The Lada Samara EVA Was the USSR’s Two-Winged Group B Rally Car

Timothy

The heyday of Group B rallying was brief, brutal and above all, brilliant. Major developments in turbocharging technology and the introduction of all-wheel drive made cars of this era faster than any that came before. For a short period, Group B made the World Rally Championship a true rival to Formula 1. 

Participation from carmakers was plentiful, featuring iconic race cars from Audi, Lancia and Peugeot, as well as more obscure entries from Citroën, MG and Toyota. Were it not for Group B’s poorly timed string of fatal accidents and the category’s subsequent cancellation, these cars would’ve been joined by Soviet marque Lada, which made a serious effort to race on the international stage with a prototype called the Samara EVA.

This story starts in 1984, in Estonia’s motorsport mecca of Tallinn, where according to Rally Group B Shrine, workers at a truck factory repurposed a side room for the secret development of a race car. Codenamed the “Lada Turbo” according to some sources, this car was a silhouette racer modeled after the Lada Samara (or VAZ-2108). It borrowed only its doors, headlights, and windshield from the production car. 

Beneath its fiberglass skin lay a skeletal, but stiff tubular chassis, which combined with its lightweight body to keep weight down to somewhere around 2,100 pounds, per World Rally World. Unlike the front-wheel-drive road car, the Lada Turbo was rear-drive, with an engine mounted midship to improve its weight distribution. 

Its engine was a heavily modified version of the VAZ-2106’s 1.6-liter four-cylinder that was bored out almost 300cc to reach just shy of 1.9 liters, per Superrally. The engine featured a twin-cam 16-valve head, as opposed to the stock, eight-valve single-cam design.

As with all successful rally cars of the era (sorry, MG Metro 6R4), it was turbocharged and intercooled, and unusually for a Soviet vehicle of the era, it featured electronic fuel injection. The Samara road car didn’t get fuel injection until 1996. Together, these resulted in an output of 300 horsepower and 282 pound-feet of torque, according to Superrally. While far from competitive in boost-crazed Group B, those stats were damn impressive for a race car built under but not sanctioned by the Soviet government.

When the project came to Soviet officials’ attention in 1986, surprisingly, the powers-that-be were pleased enough with the workers’ side project that they turned it into a government-backed motorsport program. The Lada Turbo was put under the direction of Lithuanian rally driver Stasys Brundza, who had won one ADAC rally and several domestic events in the USSR. 

Under Brundza, the Lada Turbo program was moved to the factory in Vilnius, Lithuania, that built the Lada 2105 VFTS rally car. There, the Lada Turbo was renamed the Samara EVA, where EVA was short for “Experimental Vilnius Auto-plant.” With funds earmarked for 200 production cars—a requirement for Group B homologation—it looked like the Soviets were about to be represented in the World Rally Championship.

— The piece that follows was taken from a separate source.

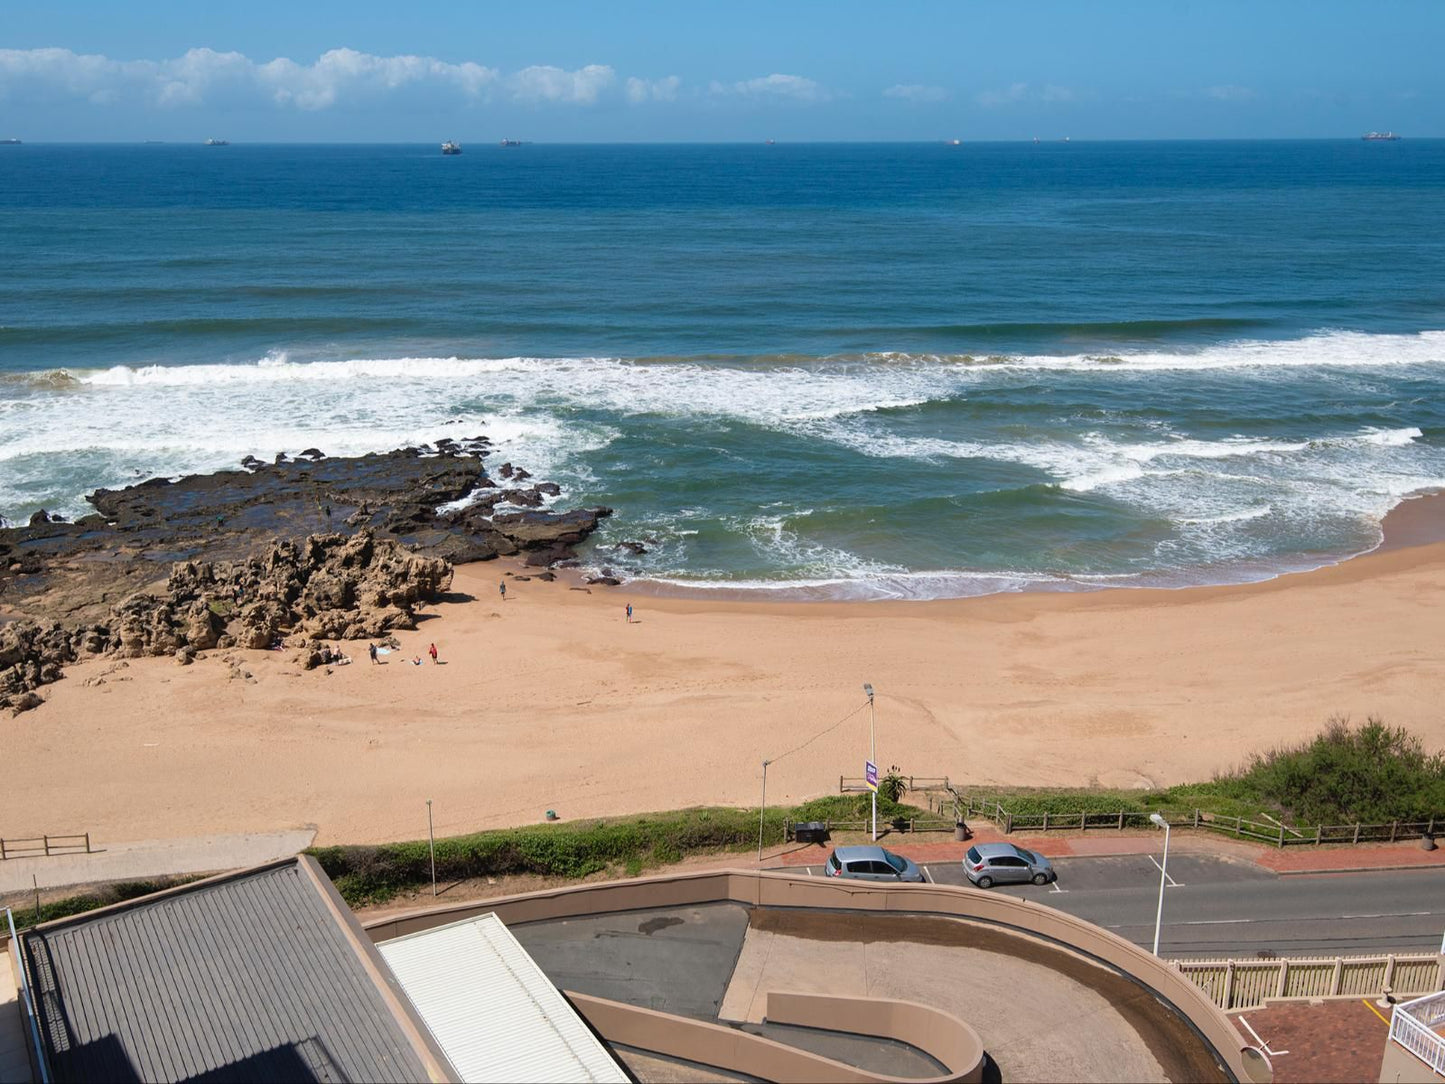 Escape To Our Happy Place On Umdloti Beach Umdloti Beach Durban Kwazulu Natal South Africa Complementary Colors, Beach, Nature, Sand, Cliff, Wave, Waters, Ocean

Shortly into the Samara EVA’s production run, with somewhere between three and 30 cars built, Group B endured a string of fatal crashes that claimed the lives of competitors and spectators alike. The WRC’s sanctioning body FISA (predecessor of the FIA) pulled the plug on Group B, leaving not only the Samara EVA with nowhere to race, but its competitiveness as a race car a mystery. Given its horsepower deficit to the winning cars of the day and lack of all-wheel drive, it’s likely the Samara EVA would have performed at best like the Lancia 037, which was obsolete before the Samara EVA even entered development.